NeMo-RL Coding Guidelines

Note: This repository is Python-first. Prefer the Python guidelines in this document.

Style Guides We Follow

Python: Google Python Style Guide
Shell: Google Shell Style Guide

uv Guidelines

Use uv run instead of python

Use uv run to execute scripts, rather than activating a virtual environment and calling python directly.

Don't:

source .venv/bin/activate
python examples/run_grpo_math.py

Do:

uv run examples/run_grpo_math.py

Exception: Dockerfile.ngc_pytorch is exempt from this rule.

Python Coding Guidelines

Python Standard

The code developed for NeMo RL should conform to Python 3.12+.

Indentation

Indent code with 4 spaces.
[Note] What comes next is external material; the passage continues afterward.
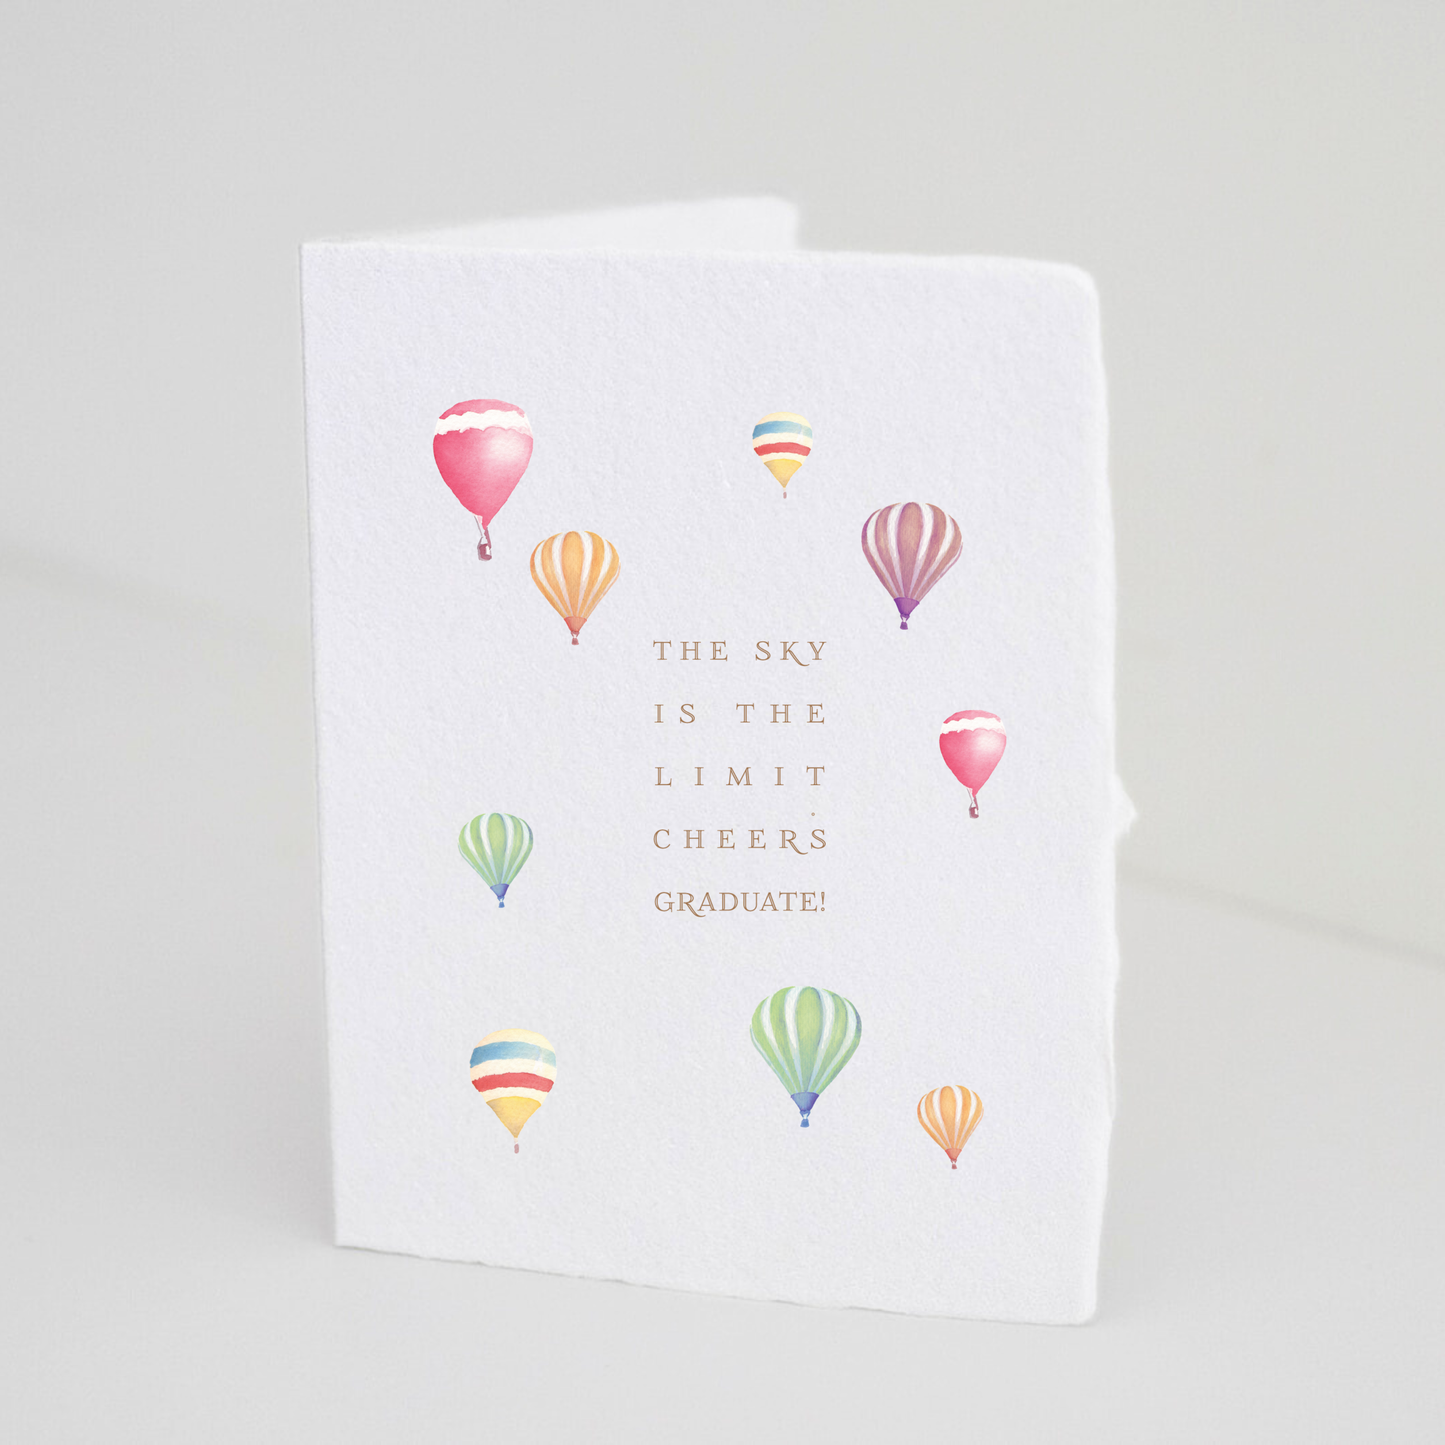 "Sky is the limit. Cheers Graduate" Graduation Card

Do not use tabs.

Naming

Identifier Format

Files

snake_case: some_file.py

Classes

PascalCase: class SomeClass

Functions and Methods

snake_case: def my_awesome_function():

Local Variables

snake_case: my_variable = ...
prefix k for variable names that start with a number: k_99th_percentile = ...

Global Variables

upper snake_case and prefix G: G_MY_GLOBAL = ...

Constants

upper snake_case: MY_CONSTANT = ...

Identifier Guidelines

Avoid shadowing variables declared in an outer scope.
Initialize all externally visible memberes of a class in the constructor.

Comments

For interfaces that may be used outside a file, prefer docstrings over comments.
Comments should be reserved for code within a function, or interfaces that are local to a file.
If a piece of code is commented out, there should be a comment around that piece of code describing it's usage and why it's commented out. Otherwise that is a debug comment and it should be removed before merging

Docstring Syntax

Classes and Functions

Use the Google style, which can be parsed by Sphinx.

Avoid Reflection

Avoid using reflection when functionality can be easily achieved without reflection.

For example, instead of:

def make_complex(*args):
    x, y = args
    return dict(**locals())

Do:

def make_complex(x, y):
    return {'x': x, 'y': y}

Error Handling

When using try-except blocks, limit the except to the smallest set of errors possible.

For example, instead of:

try:
    open(path, "r").read()
except:
    print("Failed to open file")

Do:

try:
    open(path, "r").read()
except FileNotFoundError:
    print("Failed to open file")

When using try-except blocks to handle multiple possible variable types (i.e. duck-typing), keep the body of the try as small as possible, using the else block to implement the logic.

For example, instead of:

try:
    f.seek(0)
    f.read()
except AttributeError:
    ... # Not a file-like object, do something else

Do:

try:
    f.seek # Do not call to minimize chance of unrelated failure
except AttributeError:
    ... # Not a file-like object, do something else
else:
    f.seek(0)
    f.read()

Configuration Defaults

YAML is the single source of truth for defaults. Do not set non-None defaults in the code for configuration values. The loaded YAML (and any user overrides) must supply required values.
Access config directly and expect presence. For required attributes, write code like policy_cfg["precision"] and assume it is present. Do not introduce hidden defaults deep in the code (e.g., defaulting policy.precision to "bfloat16").
Express optionality via TypedDict. Use typing.NotRequired to mark optional attributes. Optional attributes may be absent/None; code may check for their presence.
Where defaults live. Exemplar configs under examples/configs/*.yaml include documented defaults. Recipe YAMLs under examples/configs/recipes/**/*.yaml are runnable snapshots and may omit documentation.
Additions must be documented. When adding a new config key to a TypedDict subclass, document the key’s purpose, valid values/types, and recommended default (if applicable), and reflect the default in the exemplar YAMLs under examples/configs/*.yaml.
Rationale. Centralizing defaults in YAML avoids surprising behavior and makes value provenance clear.

Forbidden patterns:

# Hidden default in code
precision = policy_cfg.get("precision", "bfloat16")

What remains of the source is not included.